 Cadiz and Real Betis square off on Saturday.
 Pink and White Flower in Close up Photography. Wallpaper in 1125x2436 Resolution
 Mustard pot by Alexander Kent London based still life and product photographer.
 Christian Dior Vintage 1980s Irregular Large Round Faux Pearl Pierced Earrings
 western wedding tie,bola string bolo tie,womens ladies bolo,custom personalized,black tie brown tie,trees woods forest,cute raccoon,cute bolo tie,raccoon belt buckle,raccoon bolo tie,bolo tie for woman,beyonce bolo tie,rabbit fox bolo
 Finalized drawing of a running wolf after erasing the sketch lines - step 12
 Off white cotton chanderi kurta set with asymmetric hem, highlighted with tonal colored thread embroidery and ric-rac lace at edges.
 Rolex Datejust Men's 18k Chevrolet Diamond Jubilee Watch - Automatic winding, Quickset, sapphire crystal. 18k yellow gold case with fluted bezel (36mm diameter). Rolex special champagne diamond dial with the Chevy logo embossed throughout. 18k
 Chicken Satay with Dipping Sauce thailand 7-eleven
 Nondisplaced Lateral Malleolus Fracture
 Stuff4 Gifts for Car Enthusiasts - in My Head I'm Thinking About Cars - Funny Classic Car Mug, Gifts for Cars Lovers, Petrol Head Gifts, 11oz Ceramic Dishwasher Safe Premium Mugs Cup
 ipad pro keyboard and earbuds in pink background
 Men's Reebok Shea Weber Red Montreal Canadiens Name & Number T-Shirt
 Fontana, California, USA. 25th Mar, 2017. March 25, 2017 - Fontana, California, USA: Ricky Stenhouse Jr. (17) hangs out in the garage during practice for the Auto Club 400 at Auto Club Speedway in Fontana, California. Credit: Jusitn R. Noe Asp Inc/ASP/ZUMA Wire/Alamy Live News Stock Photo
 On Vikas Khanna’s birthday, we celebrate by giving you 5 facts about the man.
========================================
WHAT IS REQUIRED: Number only, please: work out how many lines of the listing hold "with".

FINISHED TASK: 3